### YOUR TASK
Please write the listing below out again exactly, leaving every picture behind.

### AVAILABLE DATA

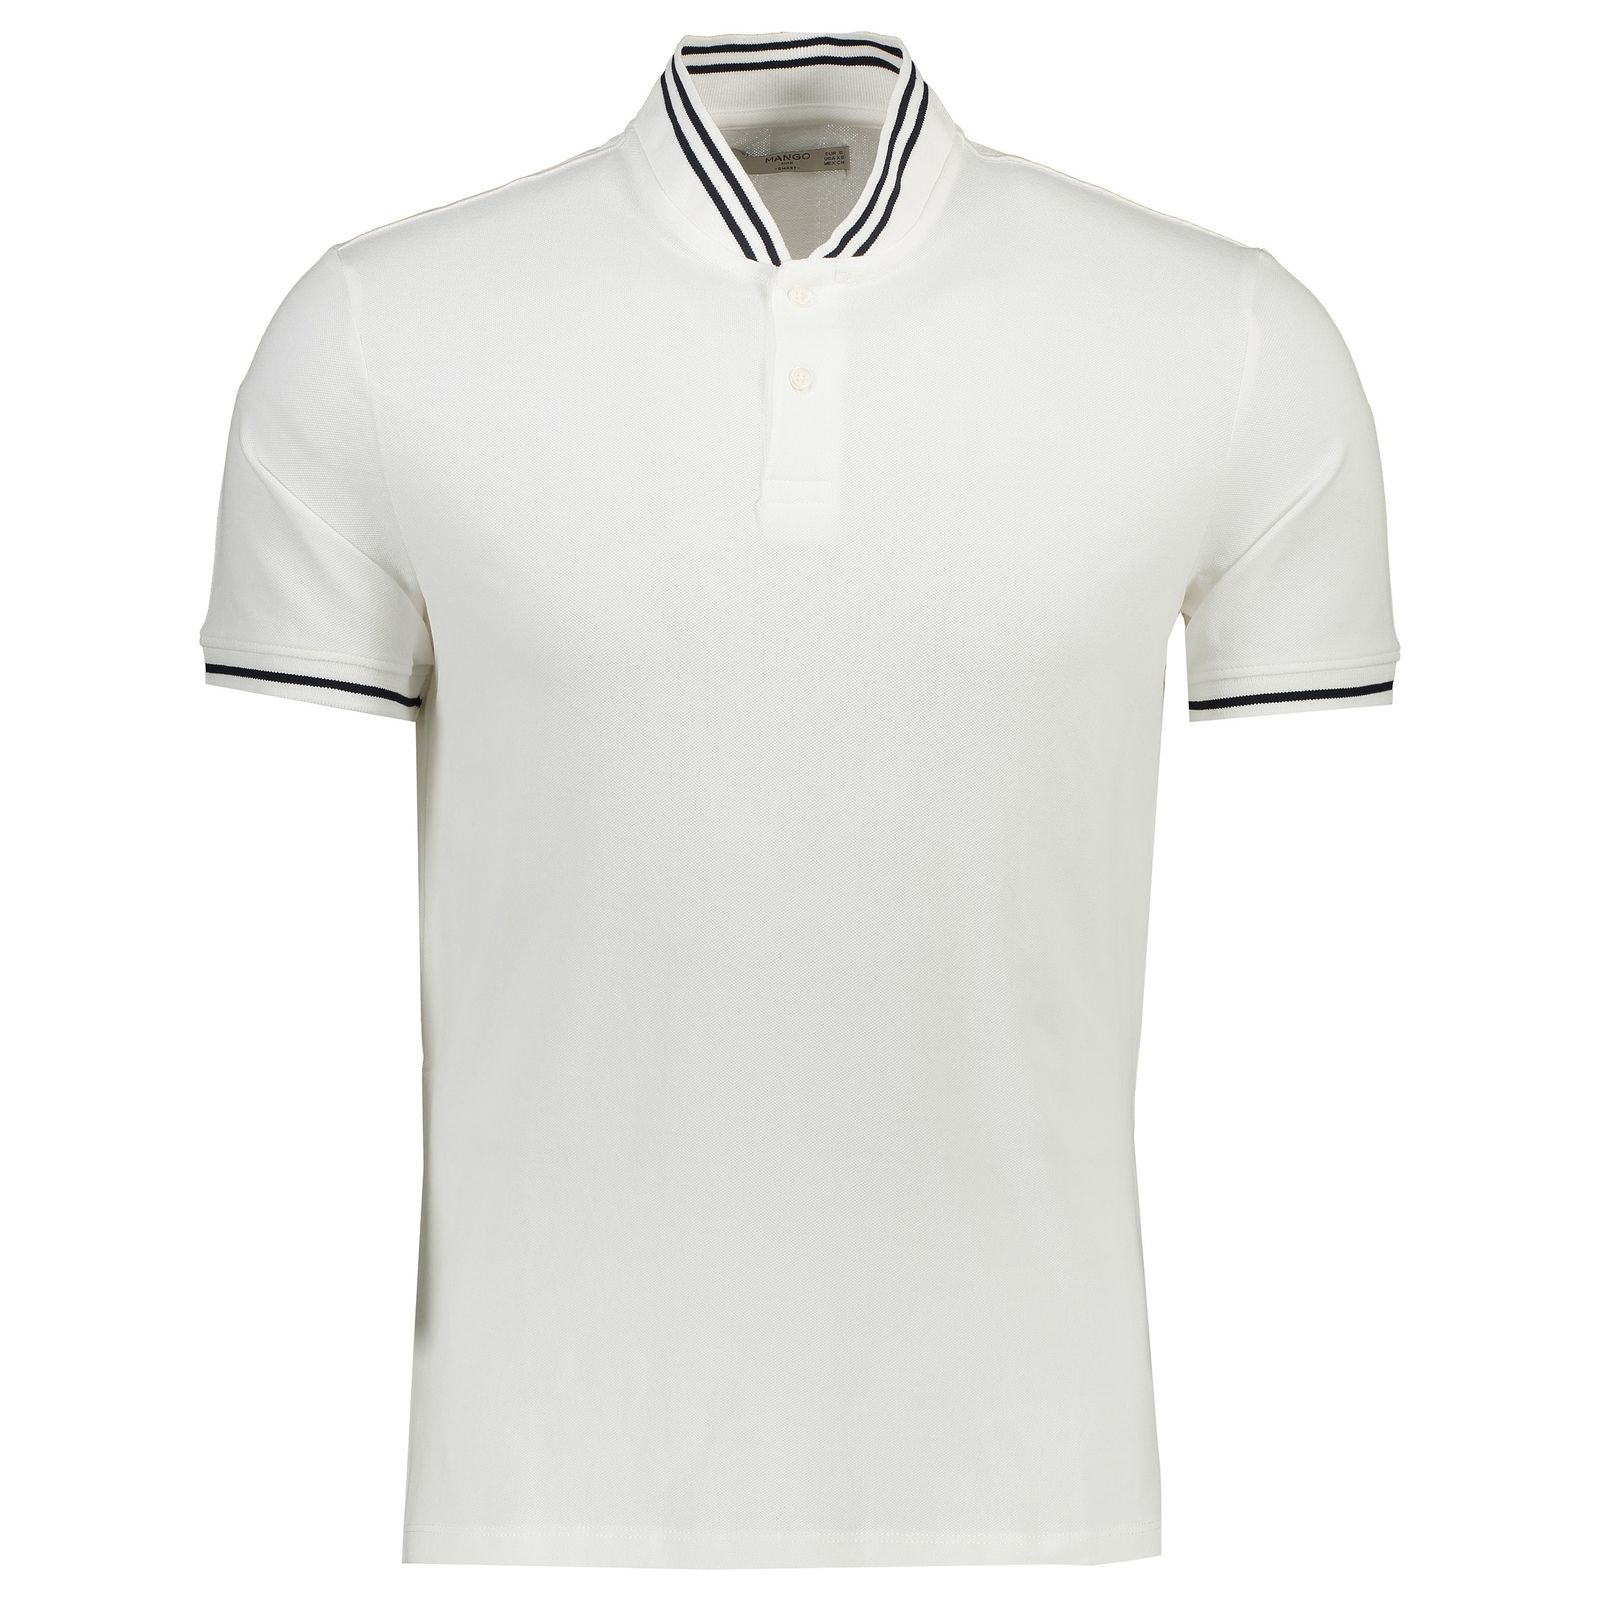 تی شرت نخی آستین کوتاه مردانه - مانگو - سفید - 1
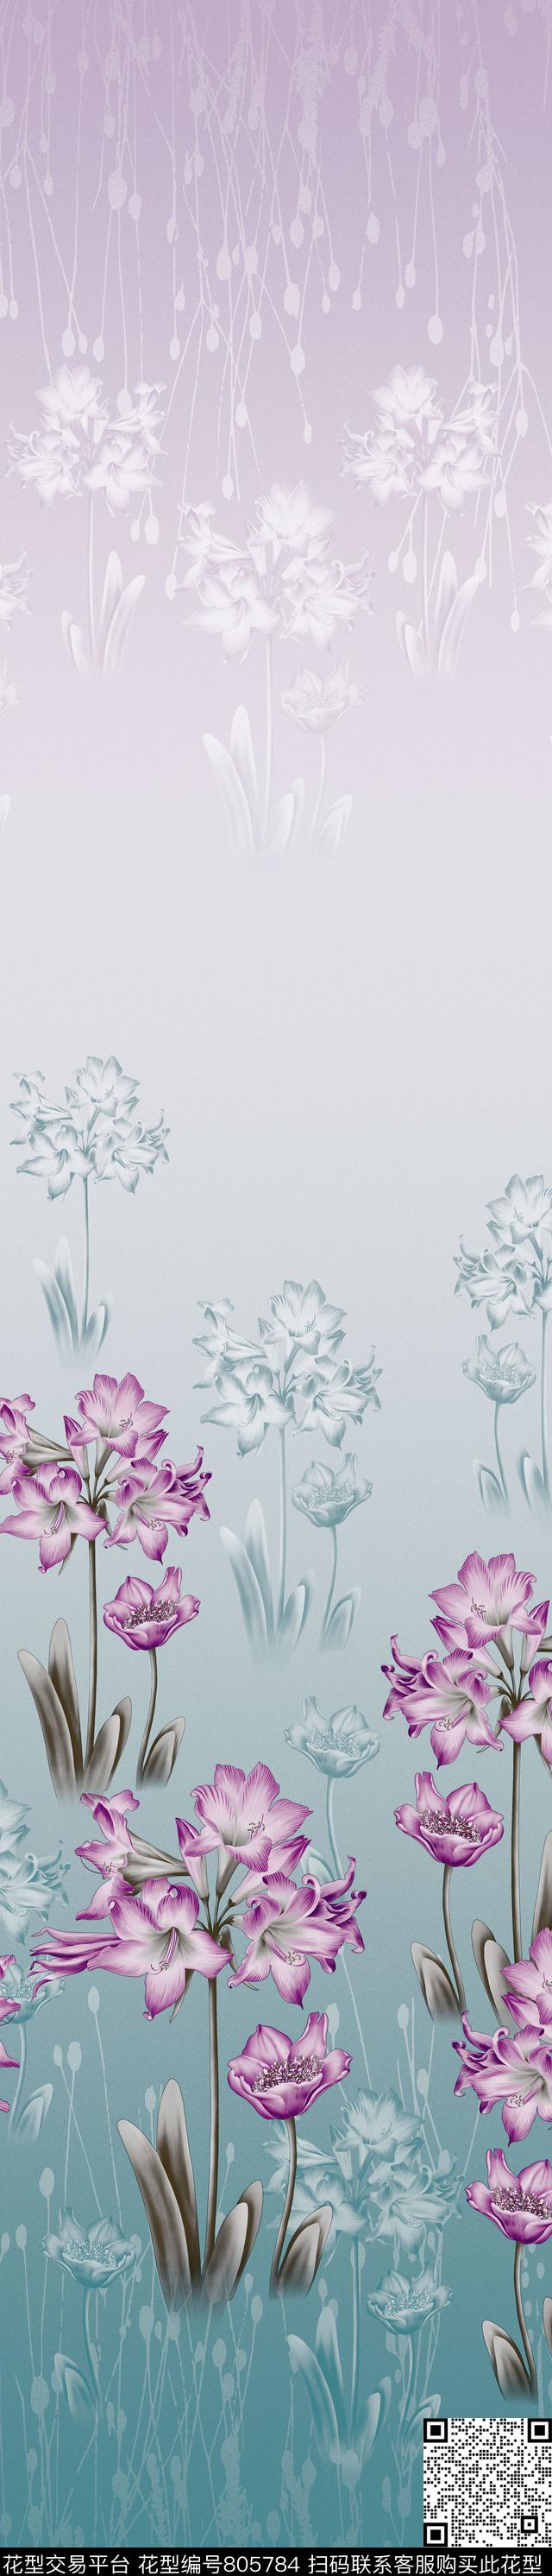 YJH170316a.jpg - 805784 - 花朵 花卉 彩条 - 传统印花花型 － 窗帘花型设计 － 瓦栏
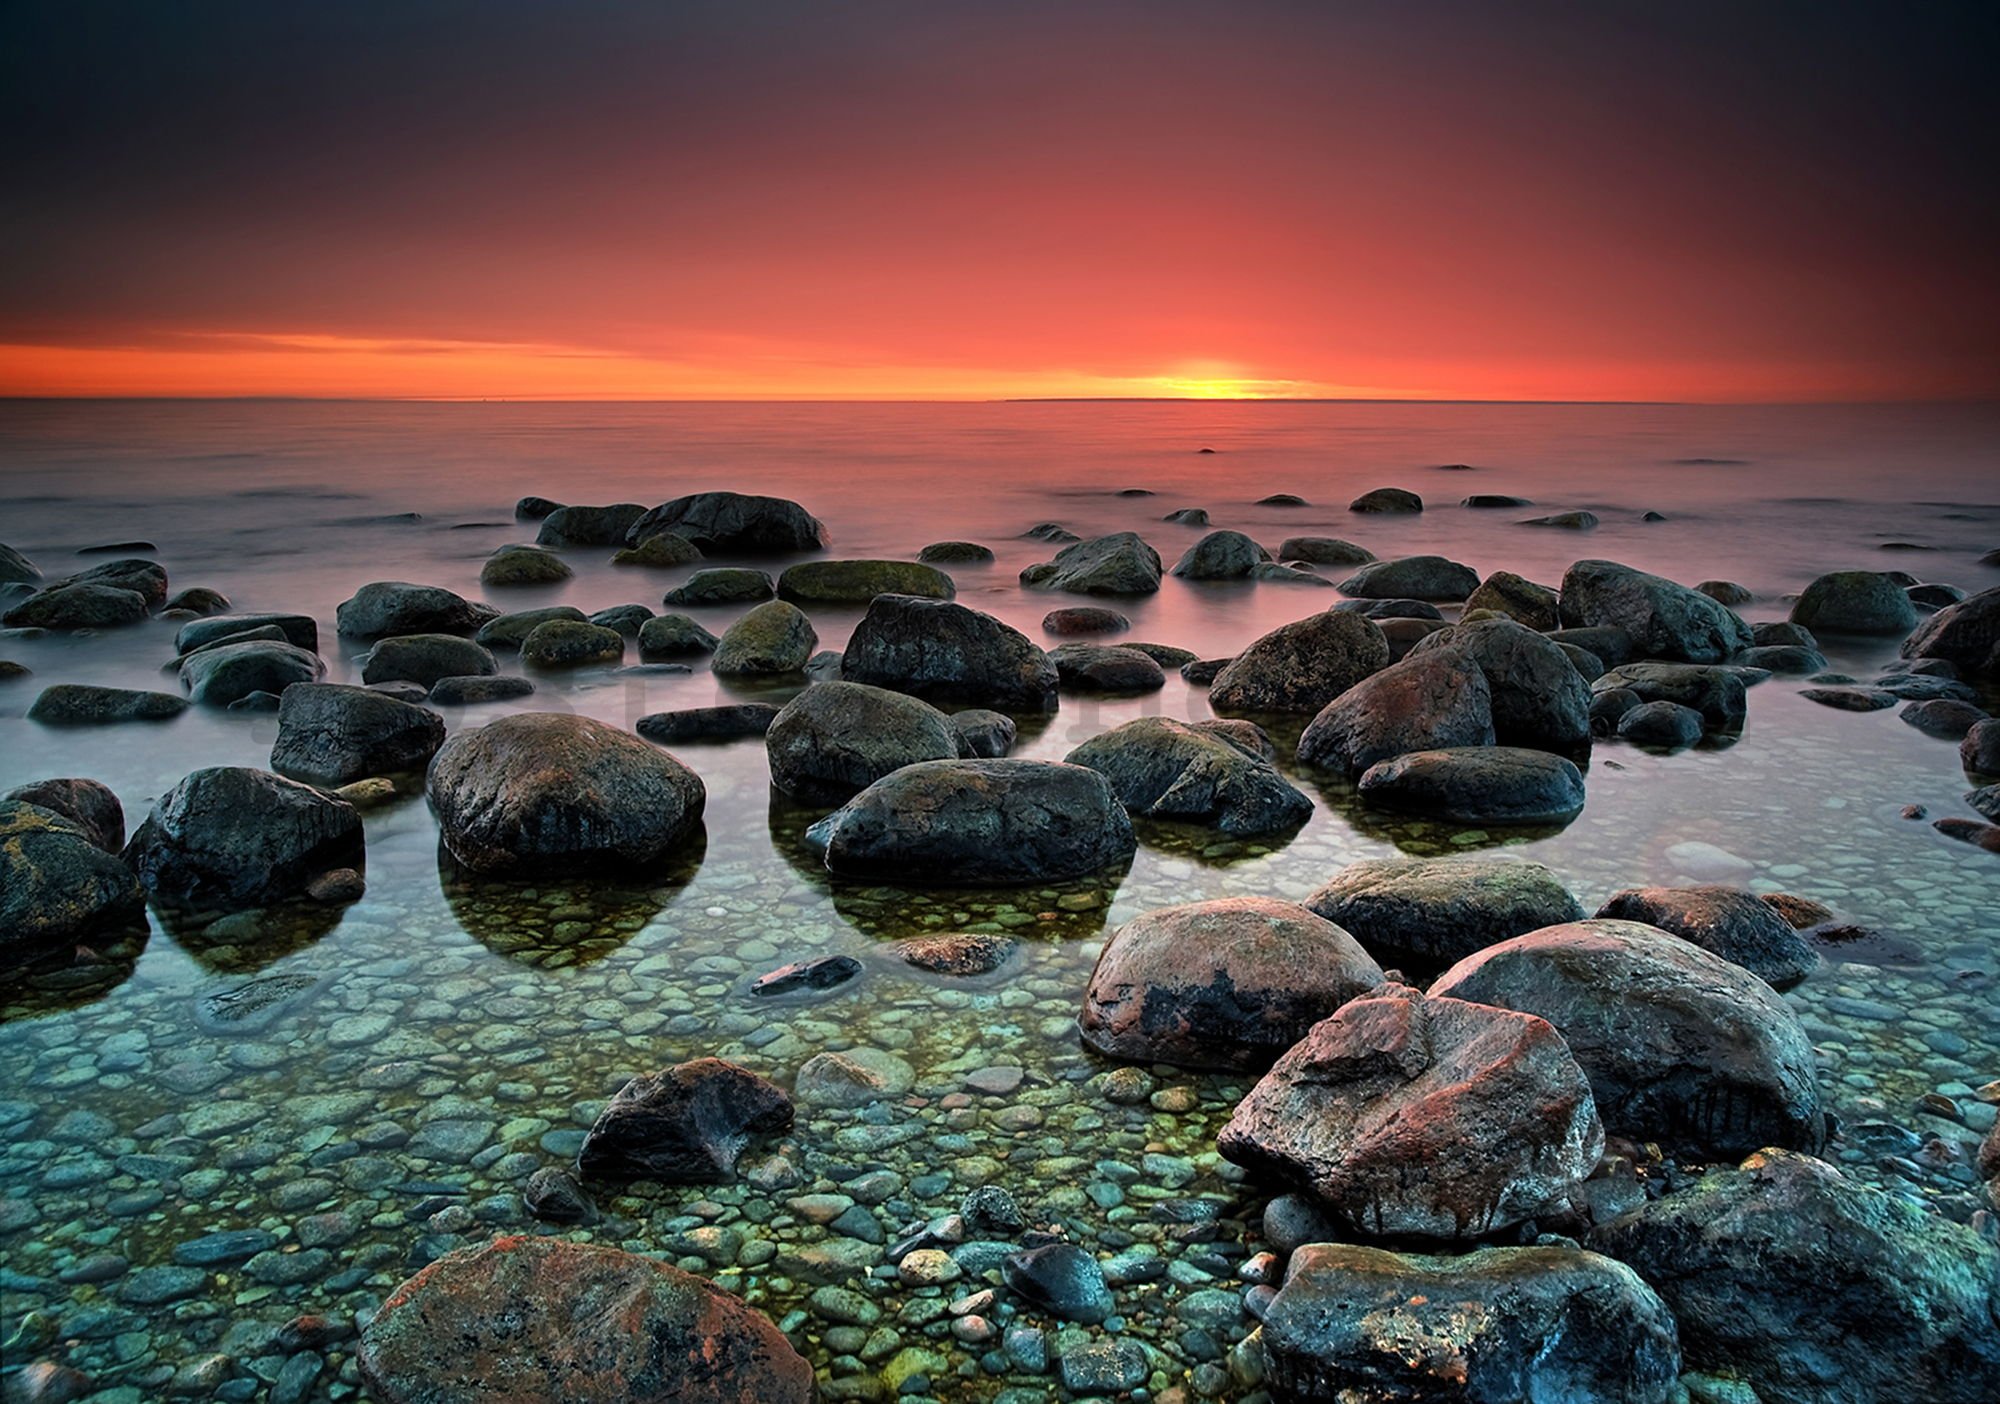 Fototapeta vliesová: Kameny na pláži (1) - 184x254 cm

### TASK RESPONSE
 تی شرت نخی آستین کوتاه مردانه - مانگو - سفید - 1
 YJH170316a.jpg - 805784 - 花朵 花卉 彩条 - 传统印花花型 － 窗帘花型设计 － 瓦栏
 Fototapeta vliesová: Kameny na pláži (1) - 184x254 cm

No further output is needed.